TWiST, Roelof Botha of Sequoia Capital

Roelof is a venture capitalist at Sequoia Capital focusing on services and software investments. Prior to joining Sequoia Capital in 2003, Roelof served as the Chief Financial Officer of PayPal (EBAY). Earlier, he worked as a management consultant for McKinsey & Company. Roelof is a certified actuary (Fellow of the Faculty of Actuaries), and has a BS in Actuarial Science, Economics, and Statistics from the University of Cape Town and an MBA from the Stanford Graduate School of Business.
Interview: (02 min.)
- Is innovation dead? No I think a lot is happening, look at Twitter for instance.
- Jason comments that the expensive chocolate bars have disappeared and Roelof explains that Sequoia is no different than any other company and has cut expenses during the recession.
- They discuss that a year ago many of the Sequoia companies cut expenses before any hardship and are happy they were preemptive.
- Roelof comments that there is still a lot of uncertainty in the economy.
- Silicon Valley innovation isn’t driven by consumer credit so Roelof thinks the tech industry is in good shape.
- Many companies may have cut a little deeper than necessary and you are starting to see some hiring.
- What is the proper amount in your estimation for a startup to have in the bank how many months of cash? 3 or more years is better, but if you need to spend to meet key milestones and shrink your runway to 18 to 24 months it may make more capital easier to obtain at better terms and the founders are left with more ownership of the company. Sequoia’s goal is to target 50% ownership for “the people in the building” upon exit any less is not great.
- Roelof gets approx. 200 request a week to speak to him.
- Jason asks what is the best and worst part of working with him? Effervescent, tireless enthusiasm, he like working with someone he needs to reign in and not have to push, he worries about focus, Roelof comments that he struggles doing many things well and to focus on the main idea.
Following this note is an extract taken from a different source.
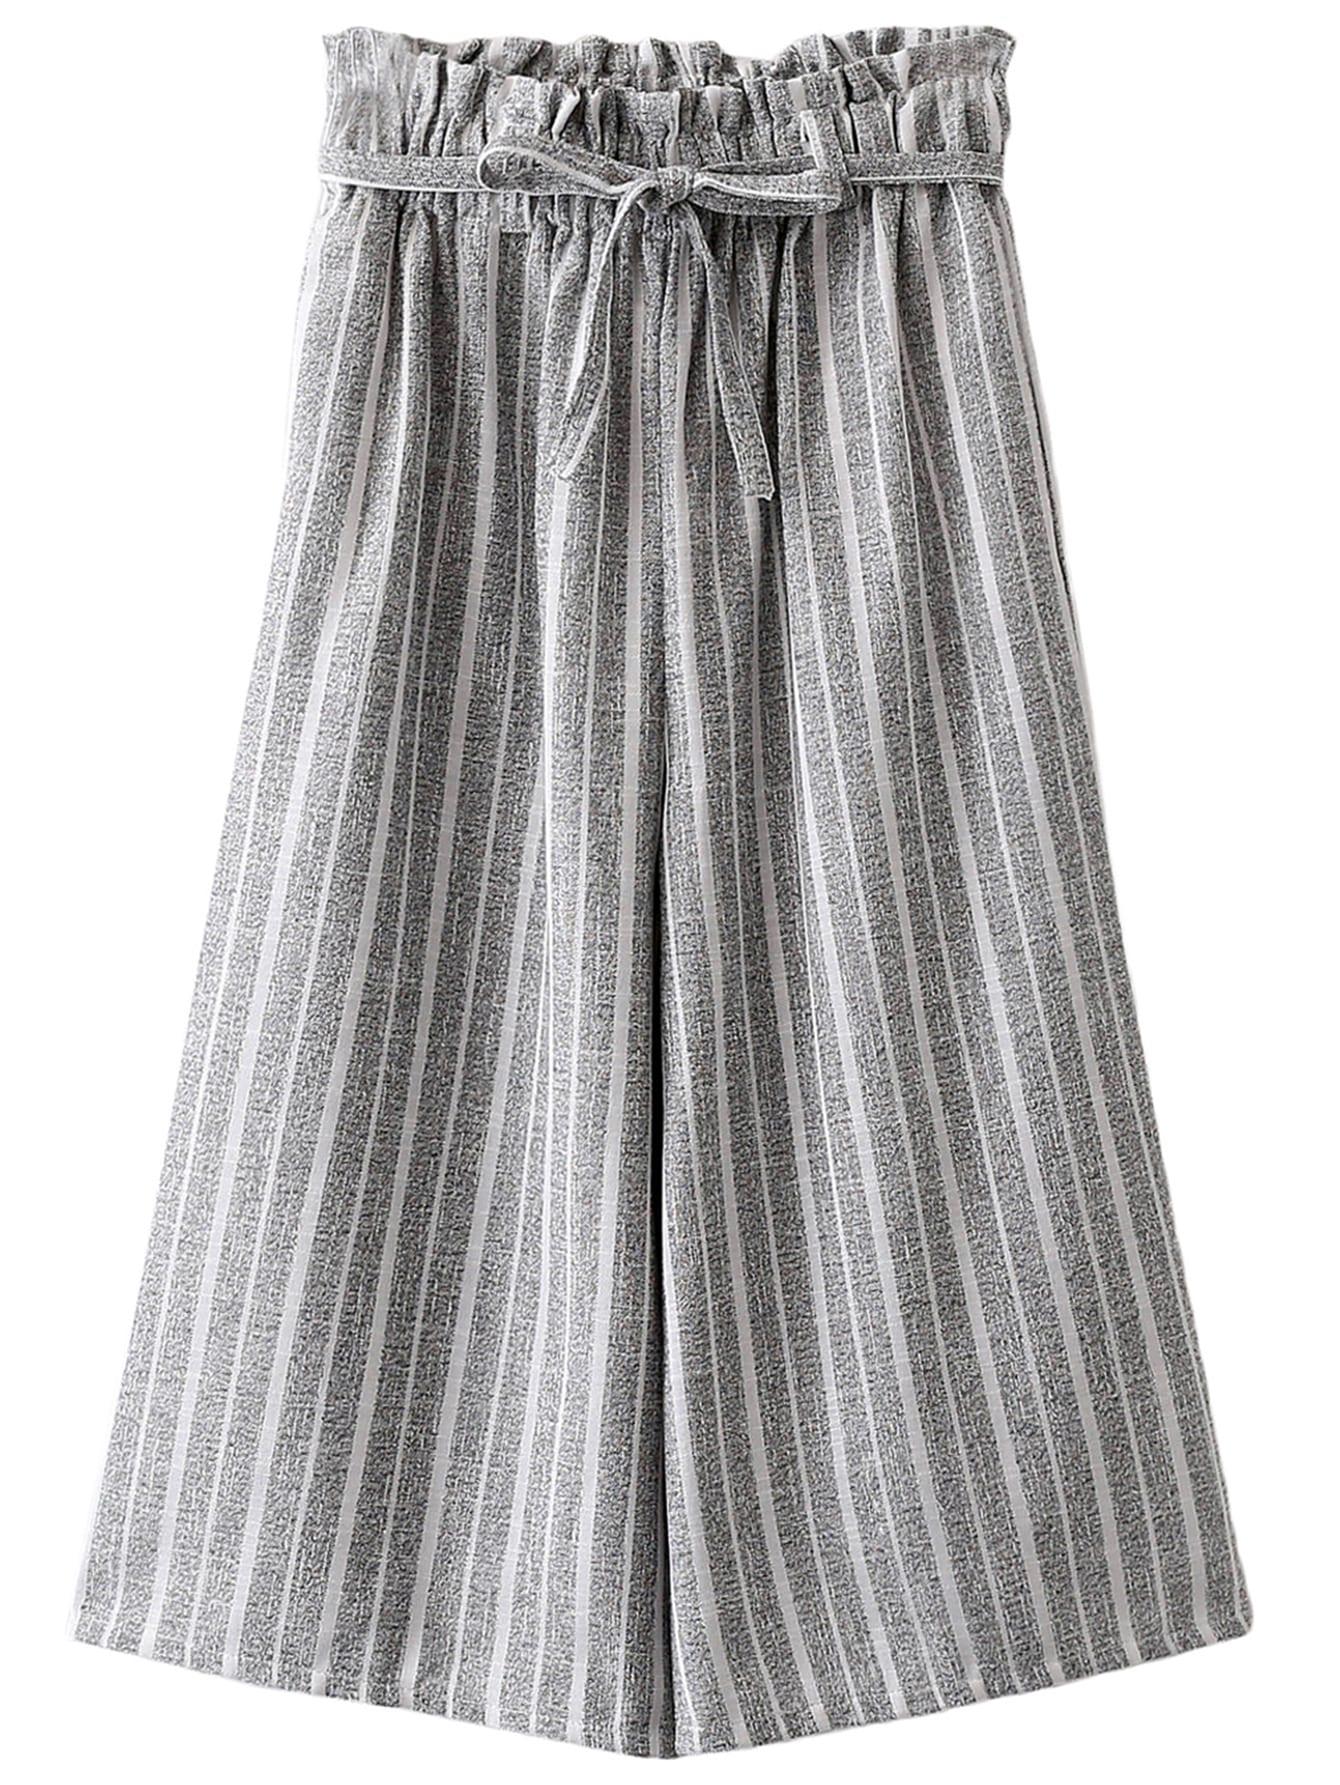 28ceb27feda61 Grey Pockets Tie-waist Bow Vertical Stripe Wide Leg Pants -SheIn(Sheinside)

- Sequoia has been very active this year; a lot of the best investments have been in the dark days. If you can carve out a niche in the tough times it will be easier to succeed when times improve.

Ask Jason: (12 min)
- They have a status changing app. for Facebook and the terms of service just changed now their app. is handcuffed and have seen a dramatic drop in users, they just reached an agreement with Facebook and things are great again. What is your opinion about basing a business around someone else’s platform? What are good strategies? Jason prefers not to build on someone else’s platform due to this downside. What he would do is use their distribution to build a brand that transcends their platform. ie. try up sell consumers to use a toolbar something outside of FB to build a relationship. If you are going to build off their platform create a relationship with the platform owner in case problems come down the road. Create a portfolio of applications so you aren’t reliant on one single app. for success.
- Lee – Online charity where people donate their services (type idea, very tough to hear), How can I get people on board to make money but not rip anyone off? Be very transparent and open about what you provide and the service charges, full disclosure is key. Charities have expenses; your service would be no different. Lee, is a developer but wants people to believe it’s a real company, what is the best way to achieve that? Go to 10 non-profits and ask them to be default partners and ask them if you can use their logos or say you are partners. Try getting the charities to help you with distribution and that you are a service that is an option. Enable people to broadcast their causes through Facebook or Twitter, this will help with distribution.
Jason’s Shark Tank: (35 min.)
- Steve Hamilton, Biglocal.ca, (I hate to say this but this is an example on how not to pitch an idea, I felt like he was reading from a sheet of paper) Jason asks, in plain English to explain what your service does? Steve is still a bit wordy, better, but wordy. Jason and Roelof refine what he does as dynamic ads and landing pages. The idea isn’t very scalable it is easy to start one client and you are profitable but you don’t need venture capital, the question is: how does this business scale? Either the technology has to scale or distribution which is difficult in the local market.
- From Michigan, idea: desktop box appliance that is powered by the cloud. Several companies have pitched this idea, VDI (virtual desktop infrastructure), problem is in licensing a lot of people need to get paid, very low margin, market dynamics make it tough. Jason’s idea try this in a vertical (such as law firms), be careful jumping in front of the Google and Microsoft train.
Notable Quotes:
- (05 min) Roelof, In some cases some people may have been over aggressive in expense cutting but it’s one of those, you know, which of the two alternatives would you rather have just cut a little more and make sure the company survives or don’t trim too fast and you don’t get to survive. Of the two, I think I would be a little bit more conservative. You want to accelerate out of the corner (break into and accelerate out)
- (28 min.) Jason, Nothing in life that is valuable, is easy.
- (42 min) Roelof, states a simple method to pitch your idea: give one declarative sentence what the company is, state the problem (who is your customer and what their problem is), give the solution.